Monday, August 9, 2010

Tomorrow There Will Be An Extra Nurse

Well my dears, tomorrow will be a big day for my baby sister.  Tomorrow her life will change once again.  I wish I could take this bullet for her, walk this walk.  But alas it is not for me .....this time.  All I can do is stand by and helplessly watch and witness.  It seems the job the Lord has given me, this job of standing witness always to others lives is sometimes too difficult for me to watch.  I want to turn and bury my head in someone else arms.  Bu t there is no one there for me to turn.  I will try my best not to cry.  She always hates to see me cry.  That is another curse our Lord has given me.  The curse that I carry all the emotions of this family. 

I have tried to stay busy today as well as she has.  We each running around chasing our children and their own needs, forgetting about what was to happen tomorrow.  I know at this late hour she is very much wide awake.  It will be hours before we both sleep.  Such odd memories float through our minds as we toss and turn, each trying to conjure up our mother's face.  Yes she is very much in our minds these last few weeks.  I know when I kiss her goodbye as she goes through those doors tomorrow that I will be handing her to some great doctors.
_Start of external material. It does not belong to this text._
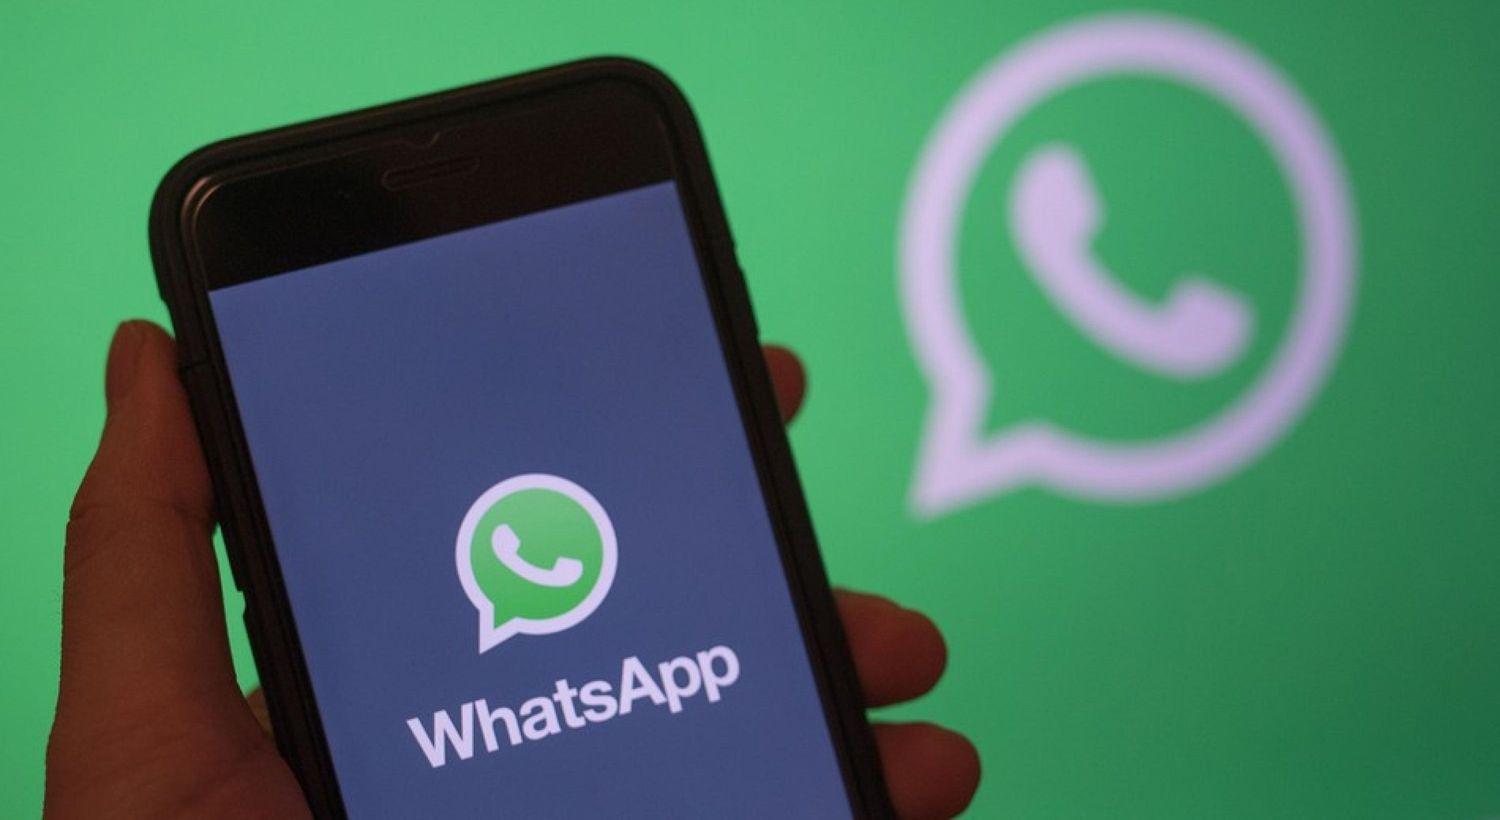 Cayoacute WhatsApp en casi todo el mundo- no permite enviar ni recibir mensajes

I will also be handing her to our mother.   You can't see her but you sure can feel her all around us.  Every where I look I see pennies on the ground, on the beach, in parking lots and they say pennies are a sign of angels. 
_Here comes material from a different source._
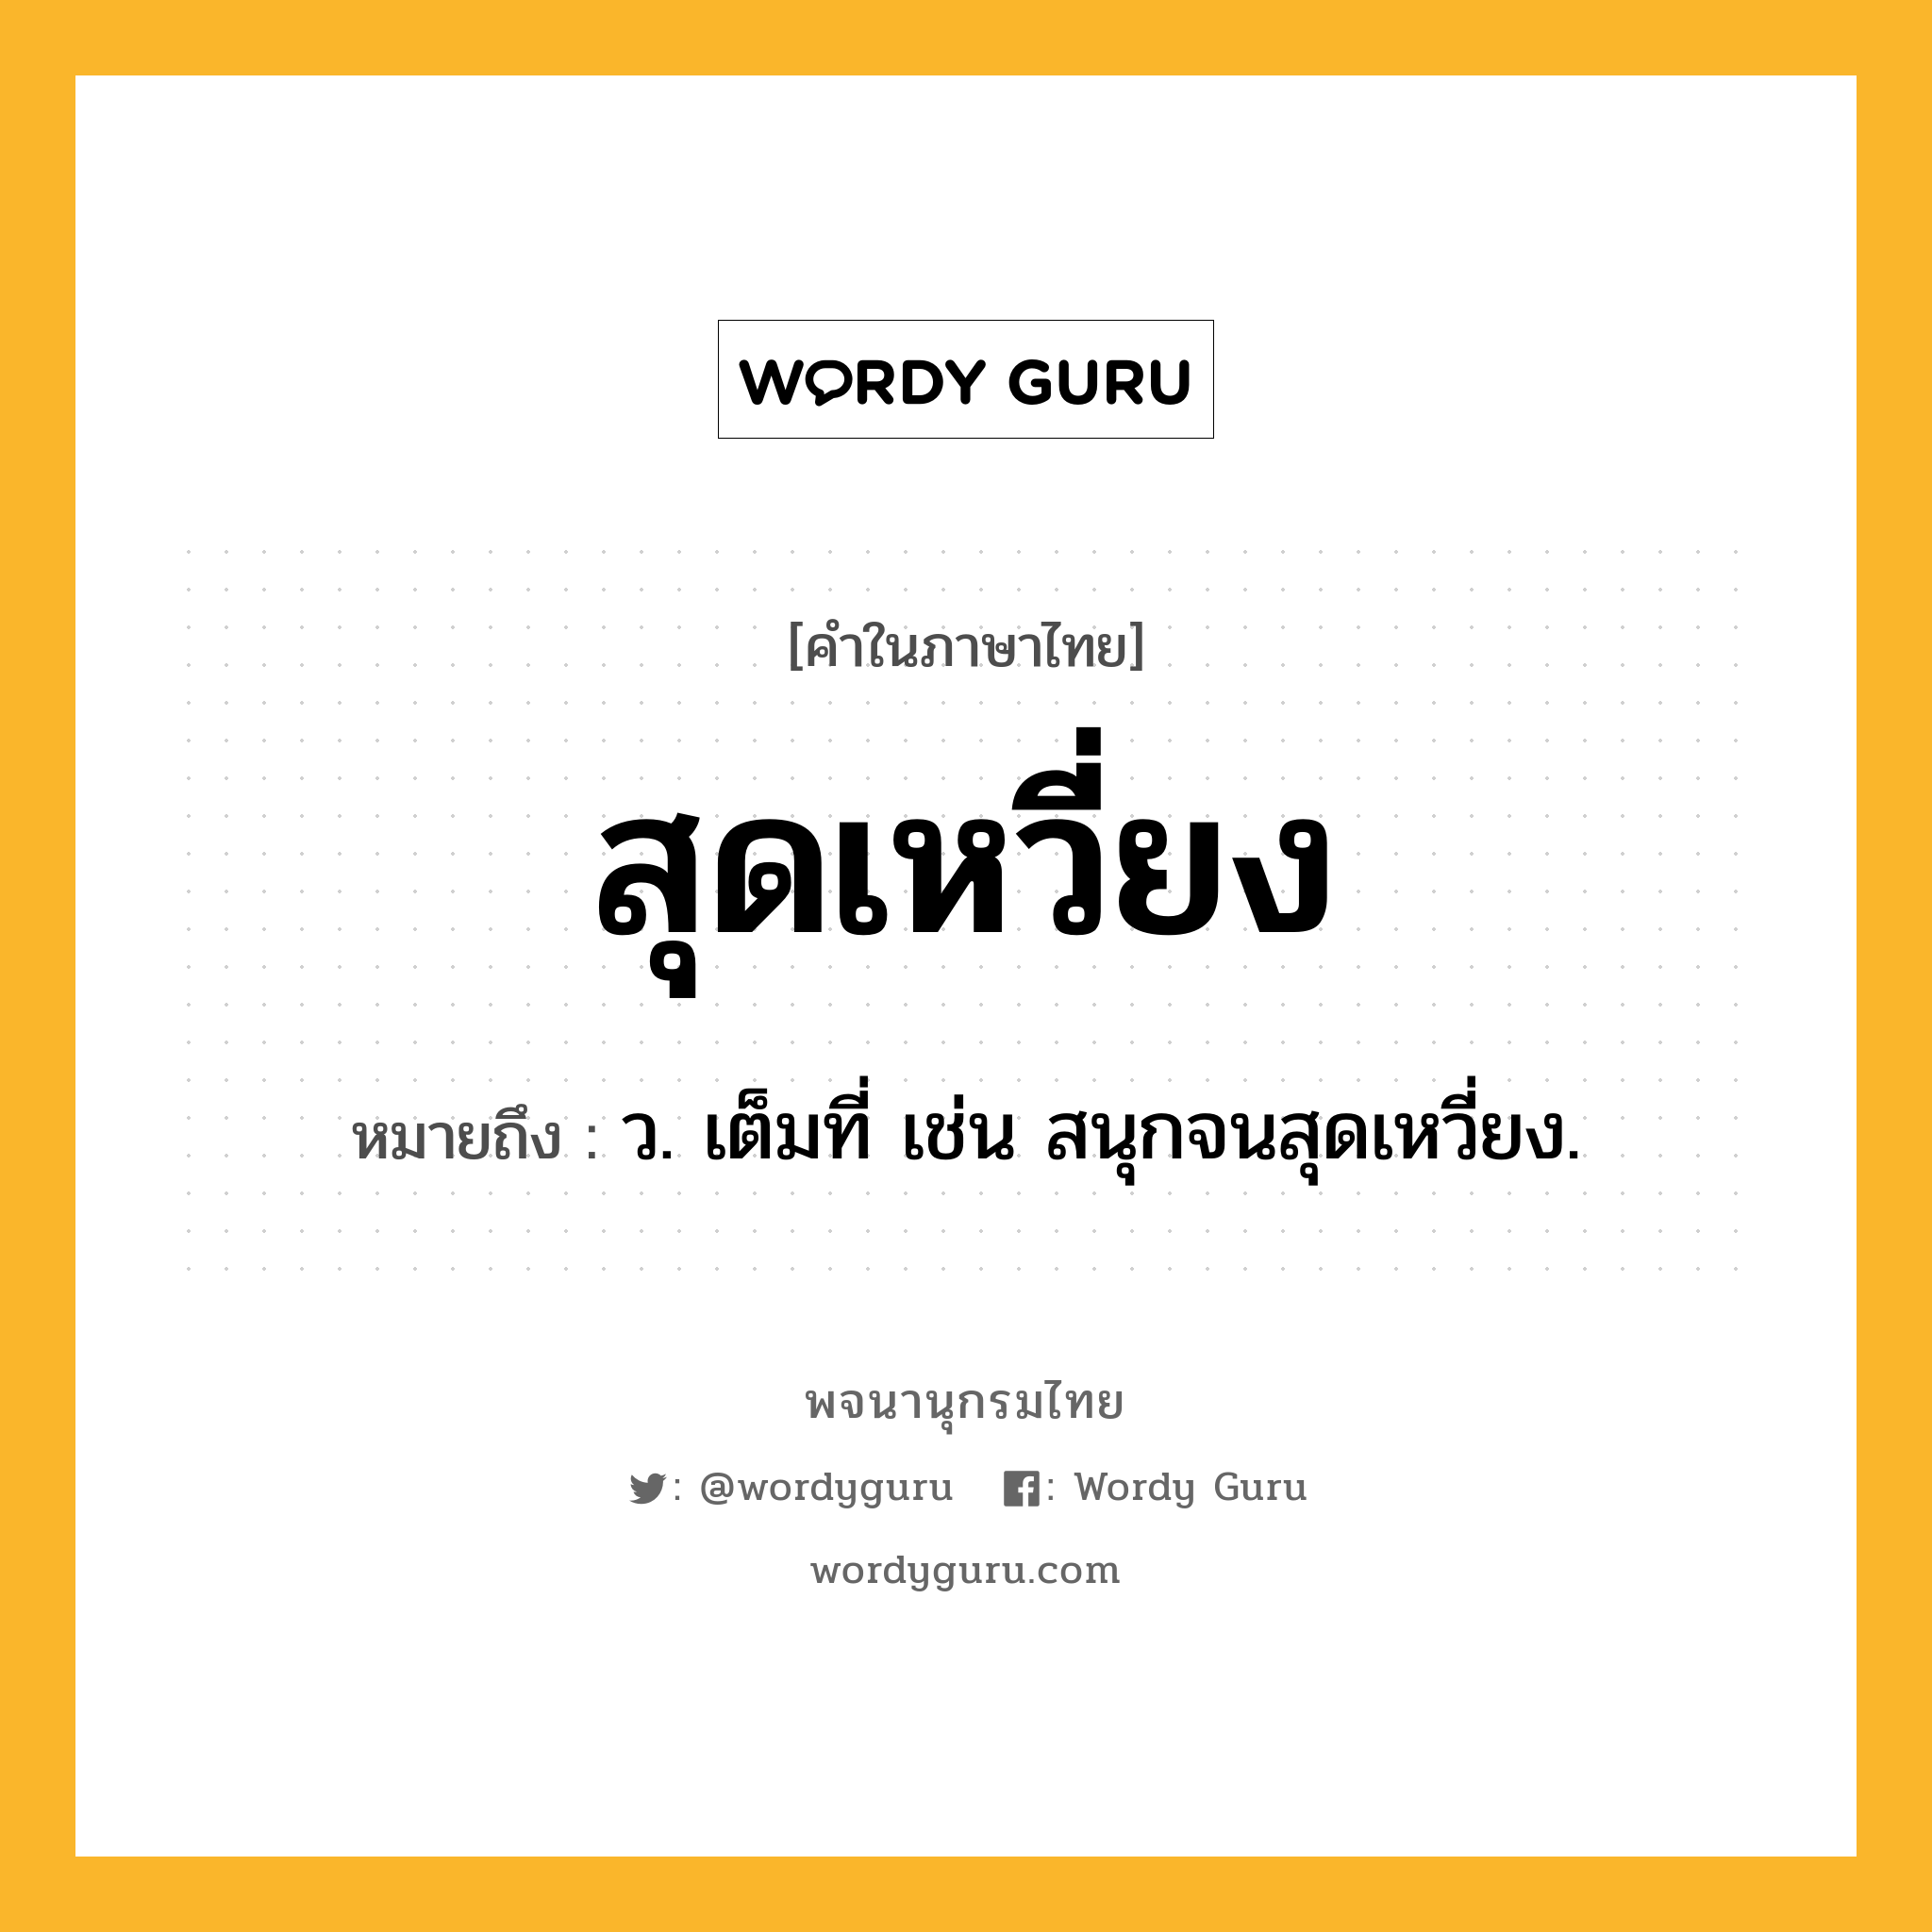 สุดเหวี่ยง หมายถึงอะไร?, คำในภาษาไทย สุดเหวี่ยง หมายถึง ว. เต็มที่ เช่น สนุกจนสุดเหวี่ยง.

Tomorrow will be another story.  Tomorrow I must sit still for a long time.  It will be hard but for my sister I will wait.  Wait and see what news the doctors will bring.  I am told it will be an all day affair.  I have tried to remember how long it took our mother but I just don't remember....  Tomorrow it will take all day and if it doesn't it will feel as though it did.

Tonight I will pray to our Lord to watch over my baby sister.  To watch over her doctors as they make her life's decisions.  I know tomorrow there will be an extra nurse with them.  Tonight she is with my sister.